* Data shown *
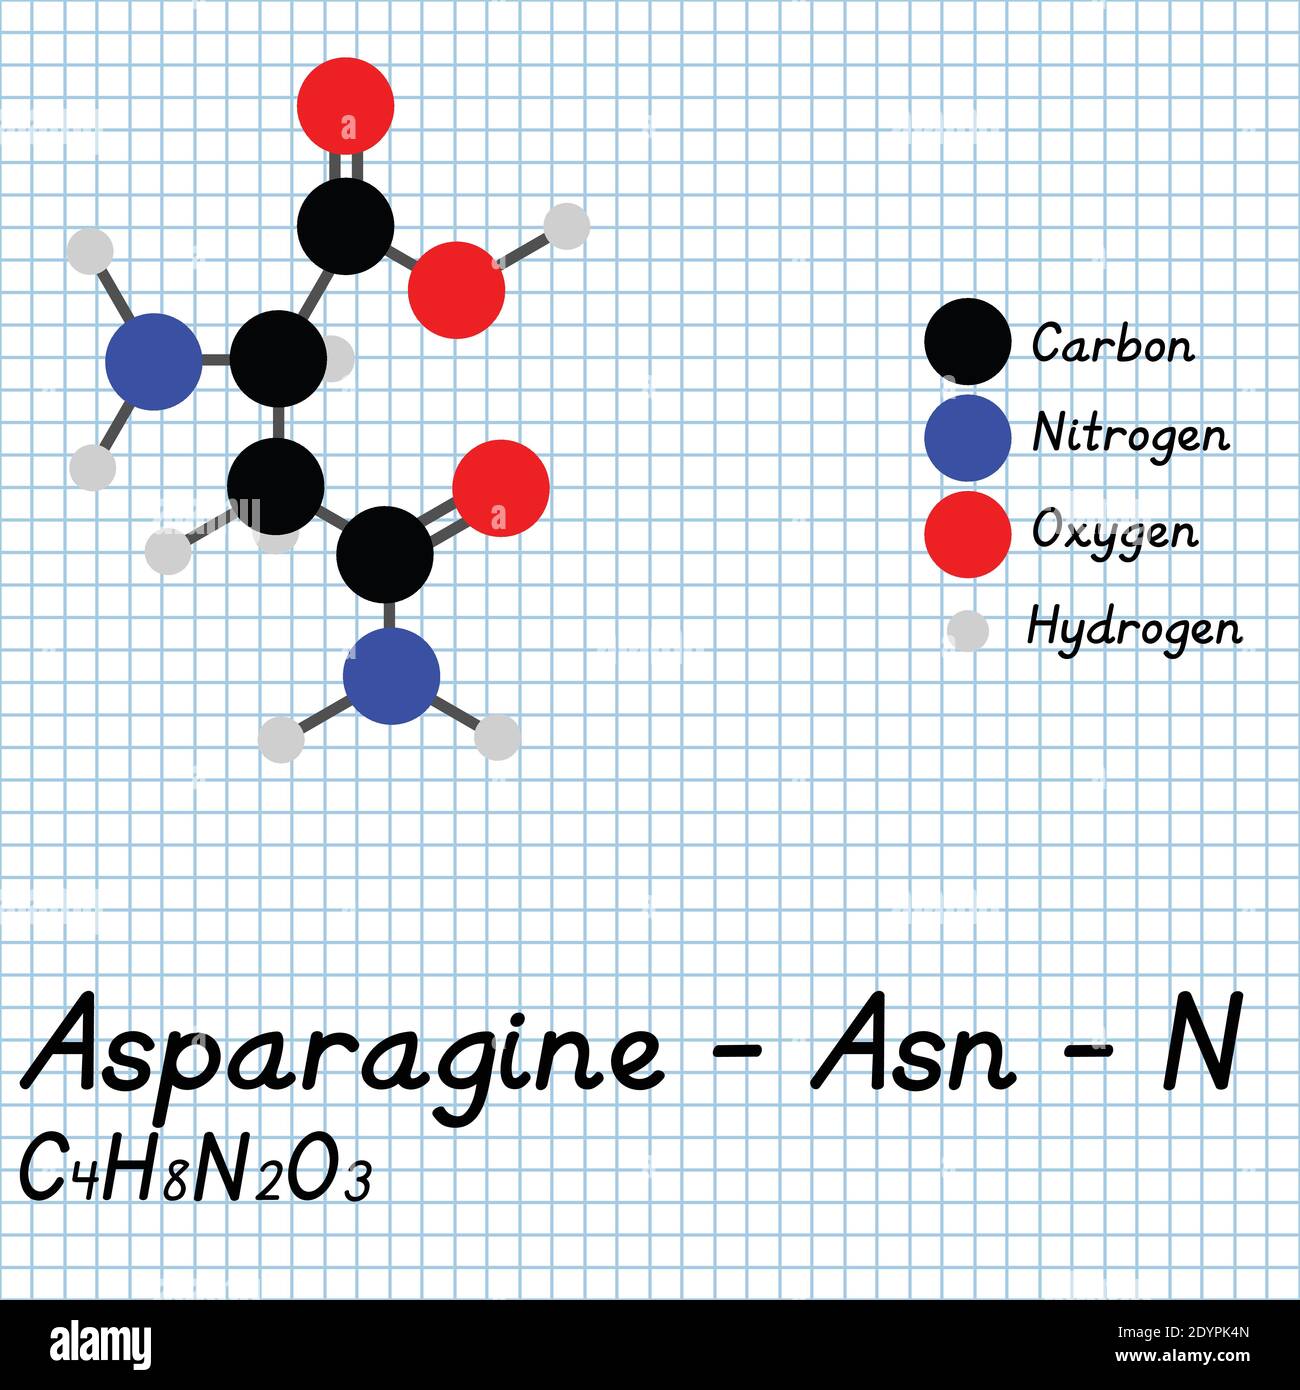 Asparagine - Asn - N Amino Acid molecular formula and chemical structure . 2D Ball and stick model on school paper sheet background. EPS10 Stock Vector
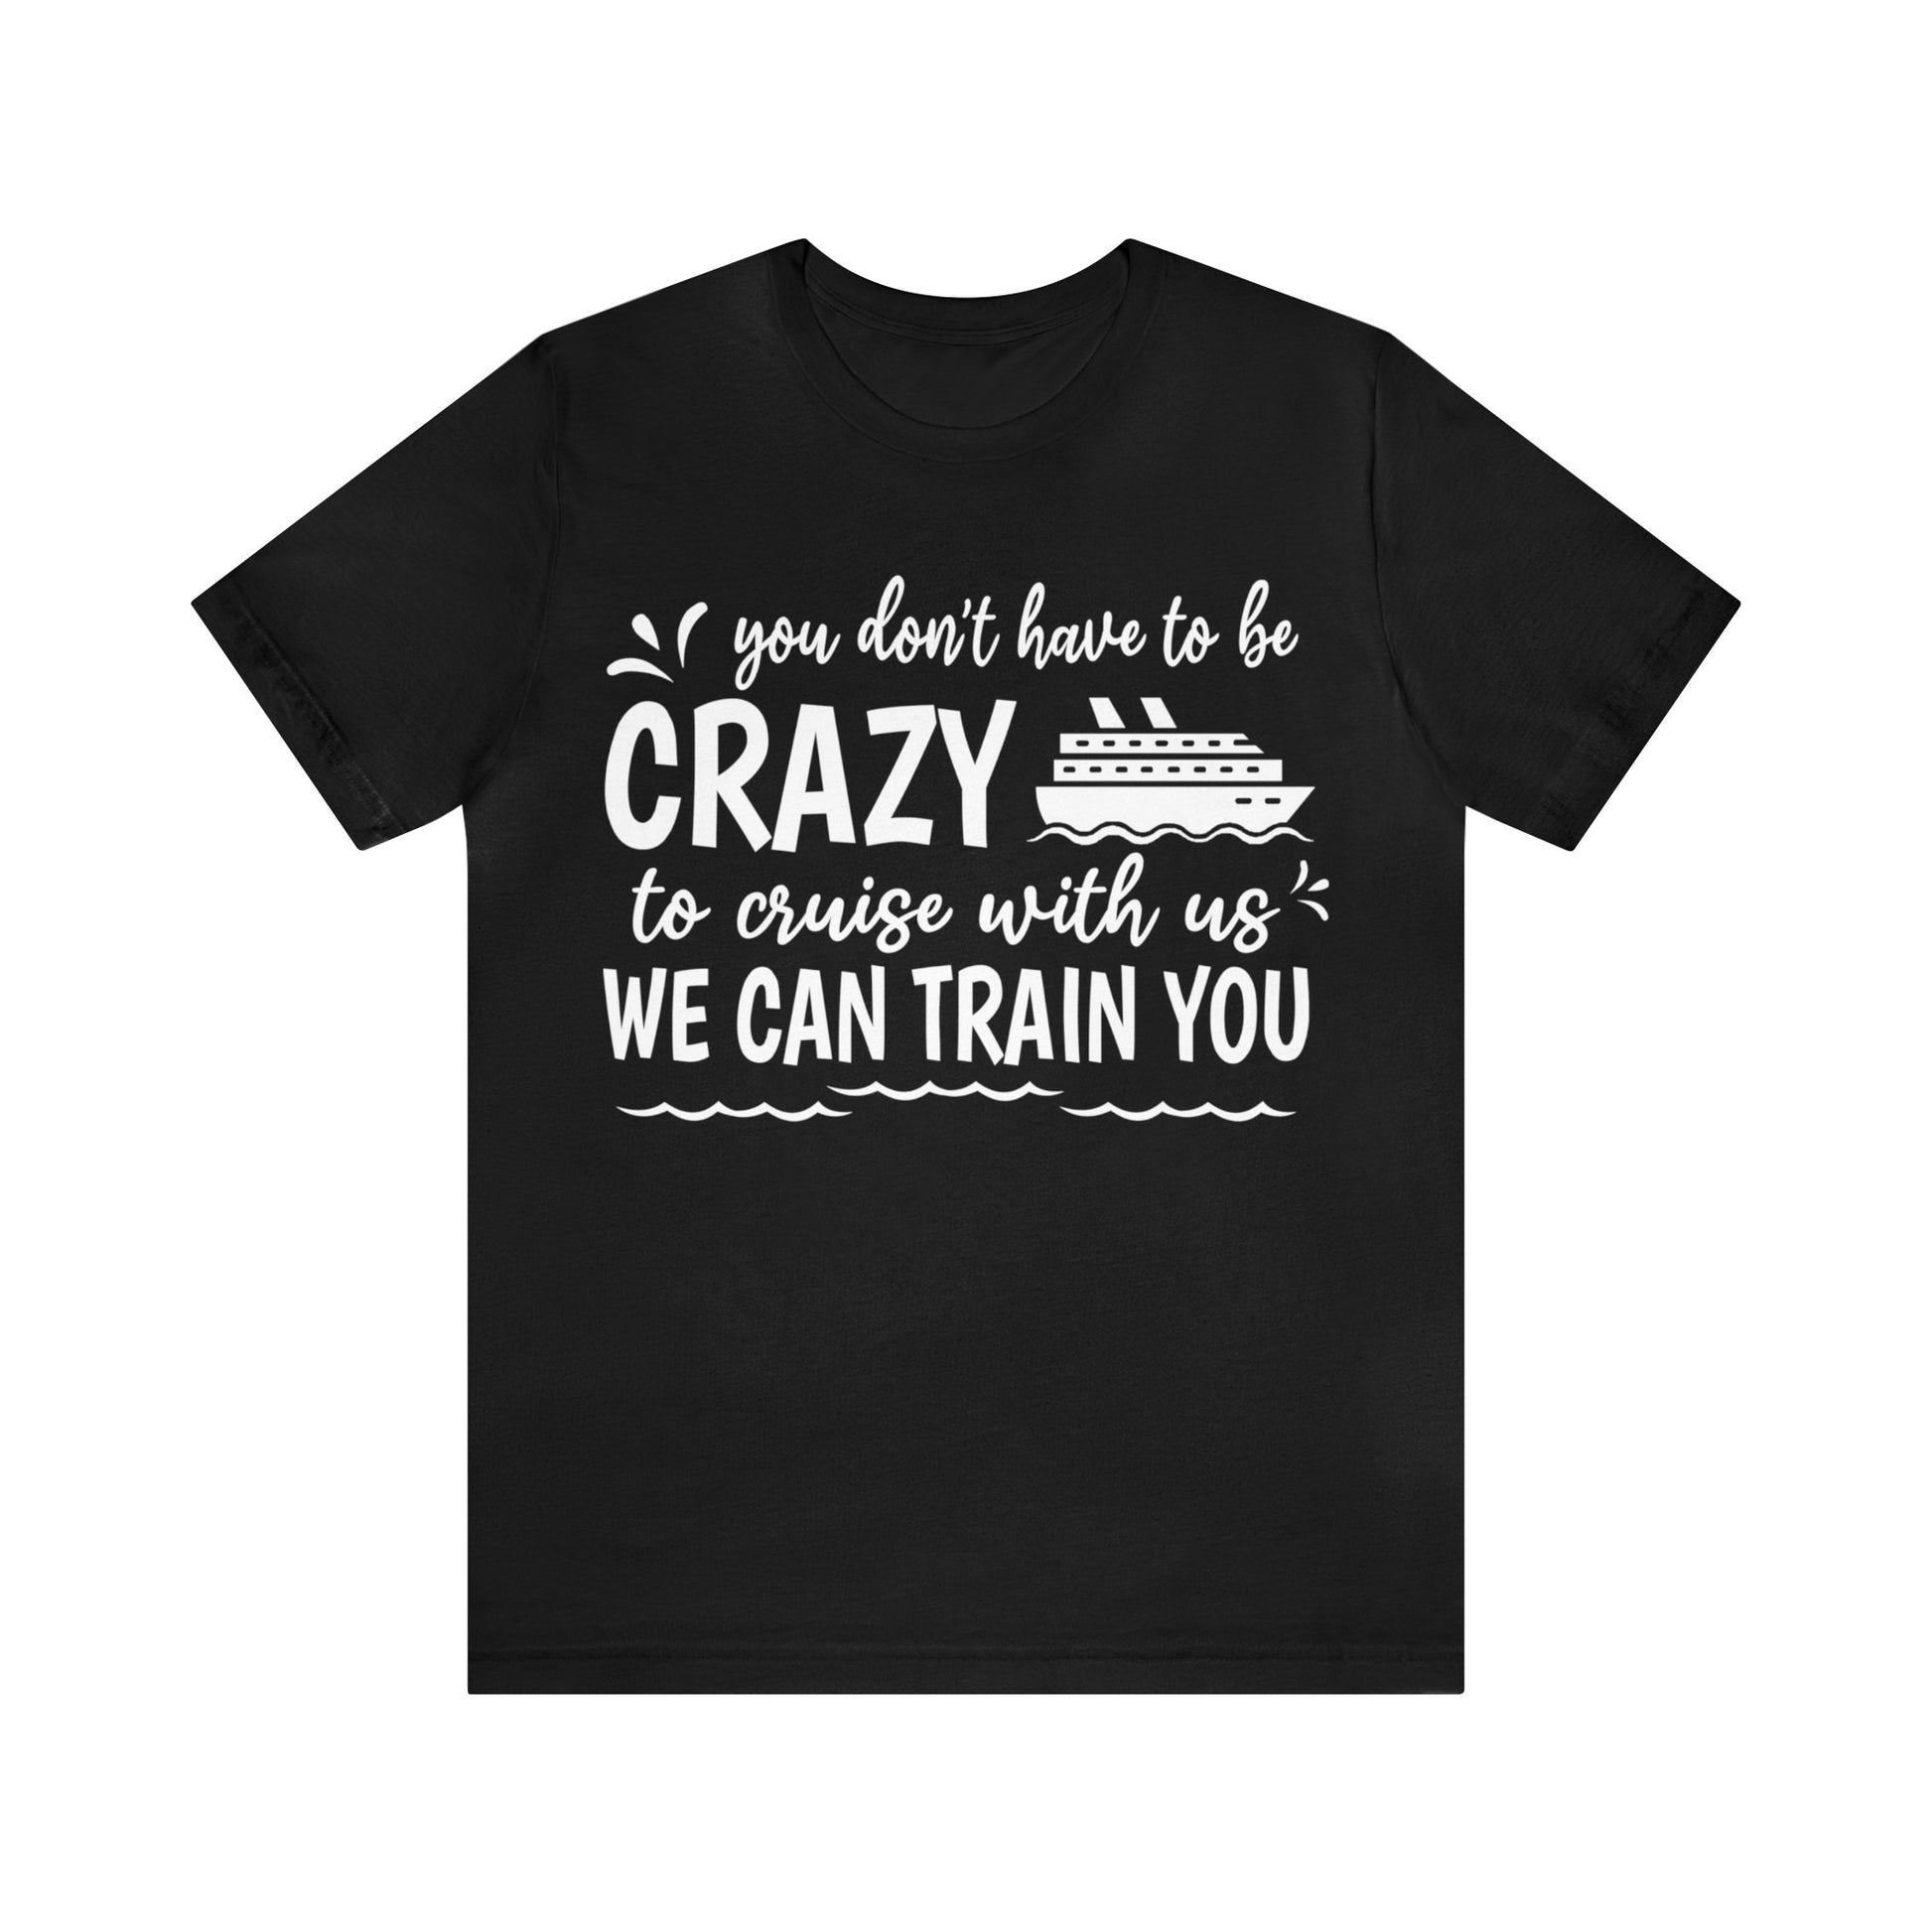 You don't have to be CRAZY to cruise with us We can train you Shirt in Black
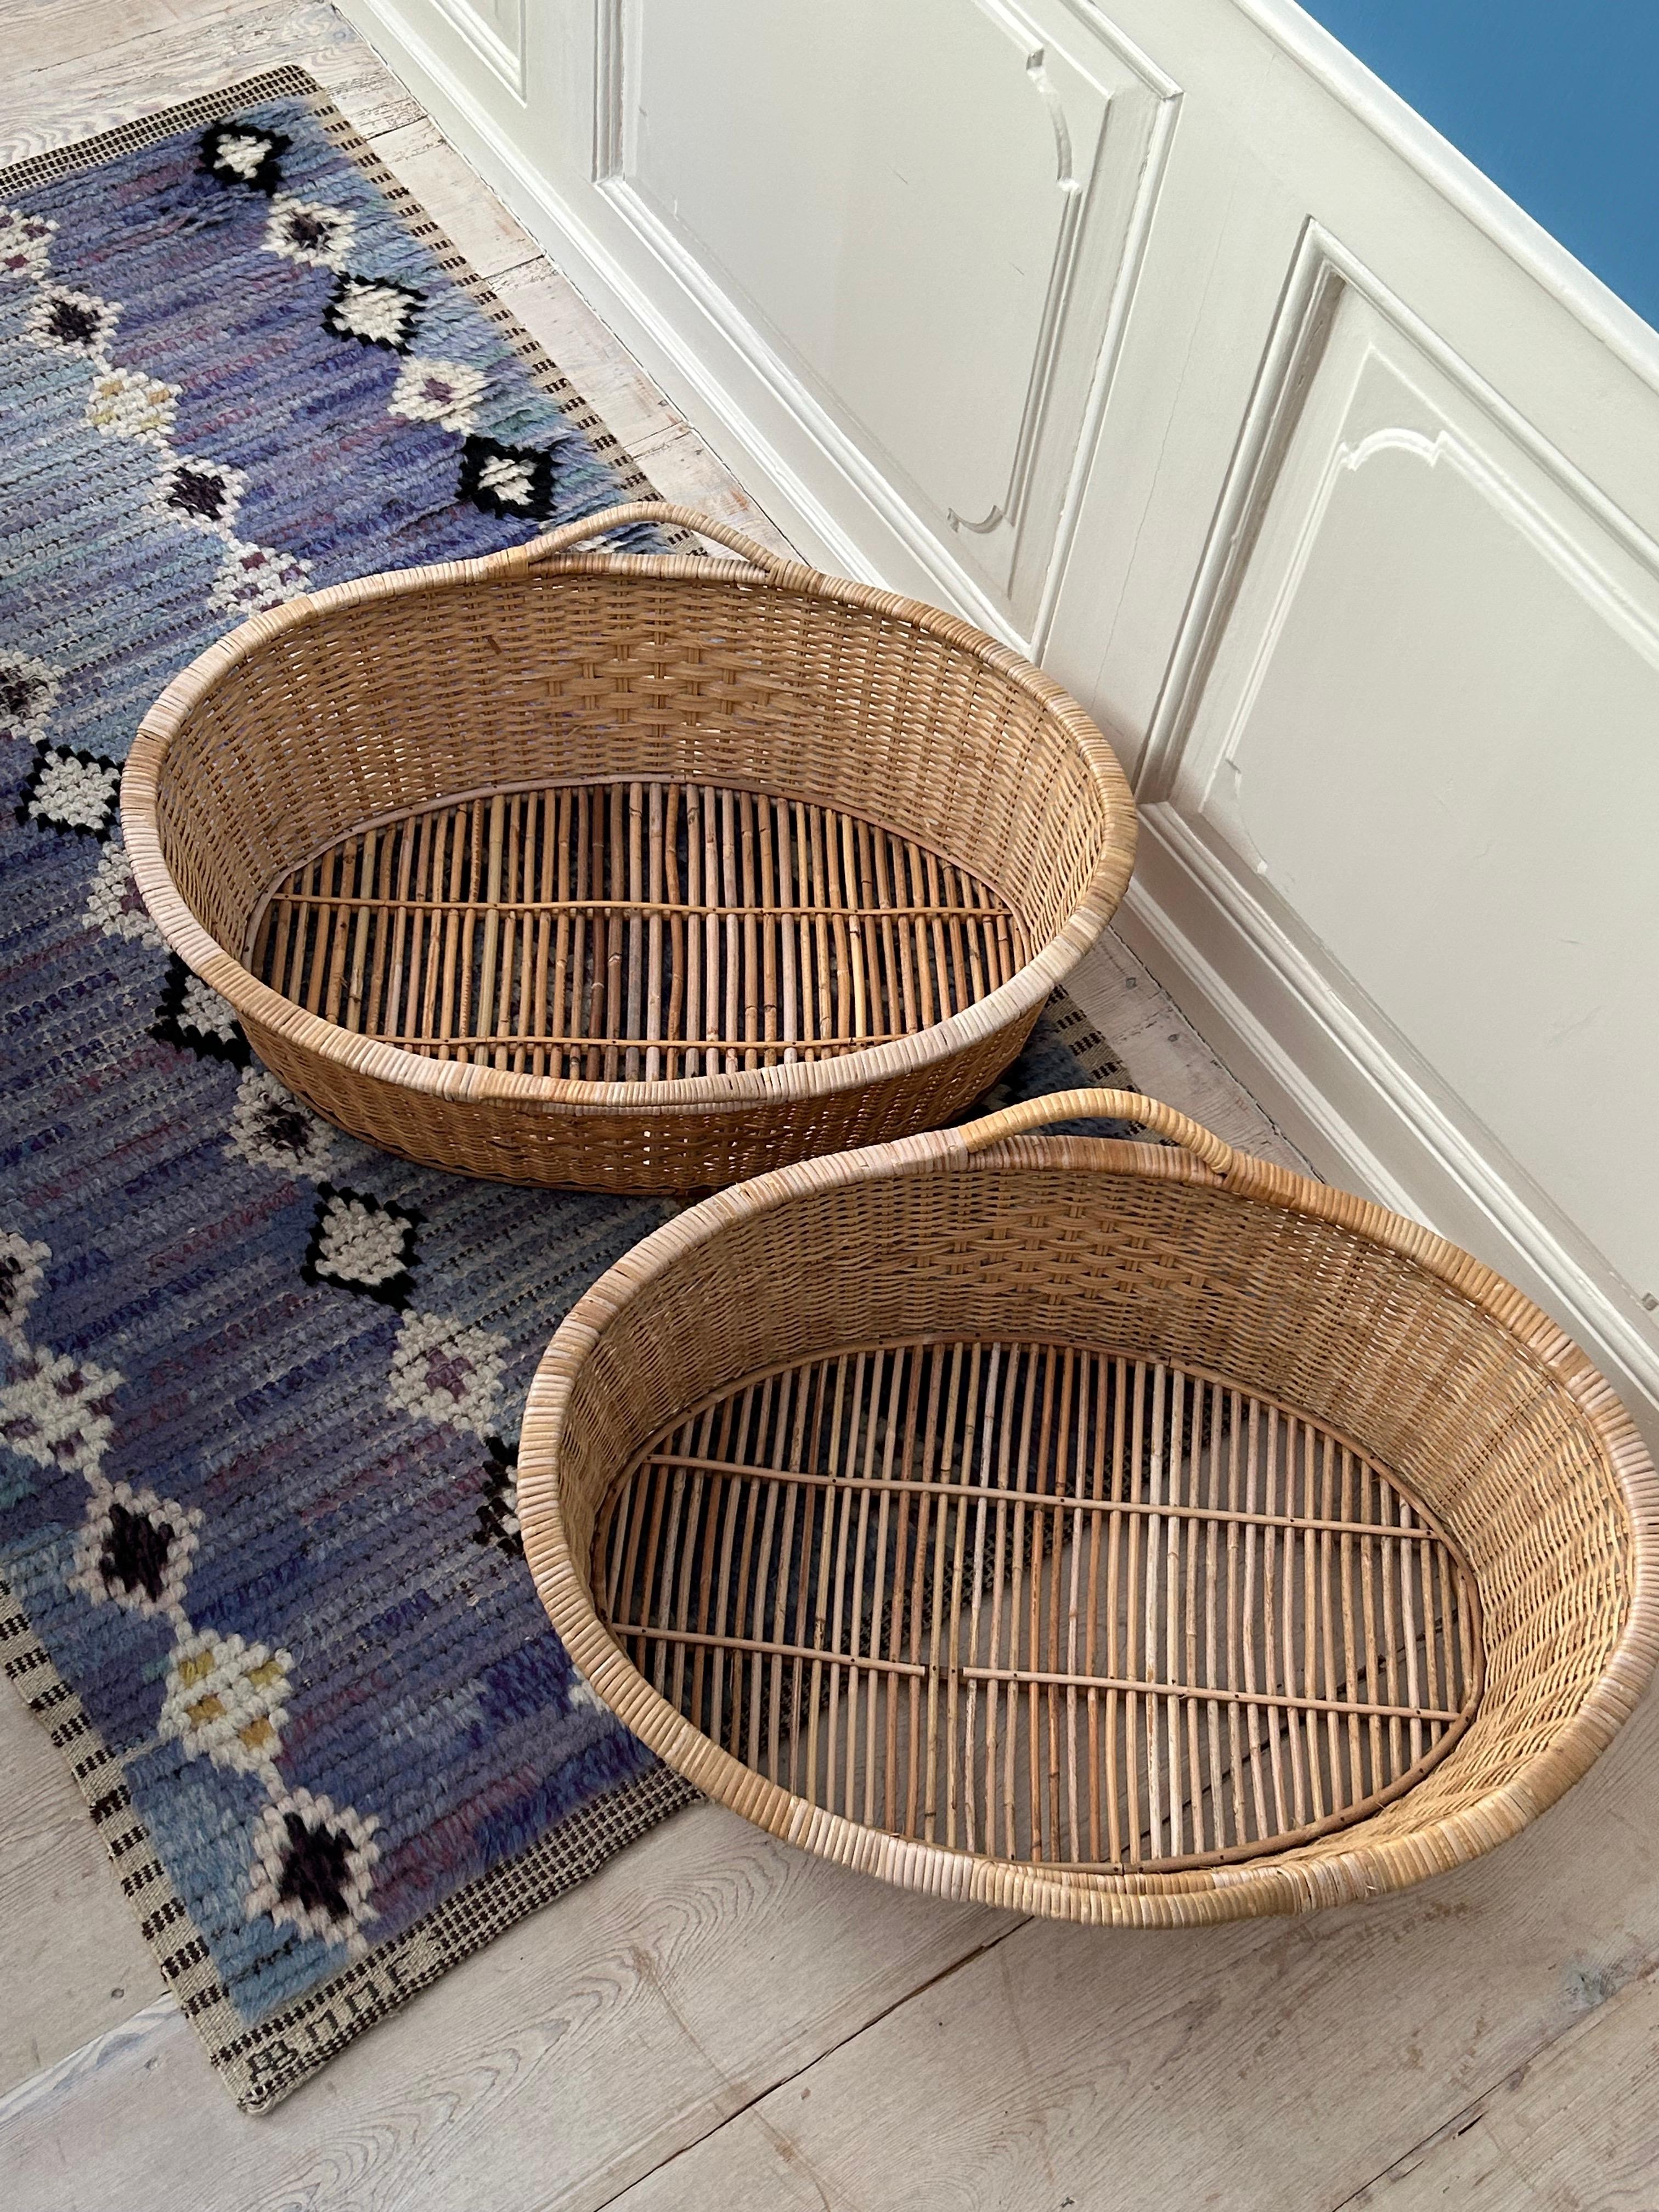 Vintage Oval Rattan Basket with Handles, France, 20th Century For Sale 11

* Exercise instructions *
Could you restate the material word for word, skipping any pictures it holds?

* Response for this exercise *
 Asparagine - Asn - N Amino Acid molecular formula and chemical structure . 2D Ball and stick model on school paper sheet background. EPS10 Stock Vector
 You don't have to be CRAZY to cruise with us We can train you Shirt in Black
 Vintage Oval Rattan Basket with Handles, France, 20th Century For Sale 11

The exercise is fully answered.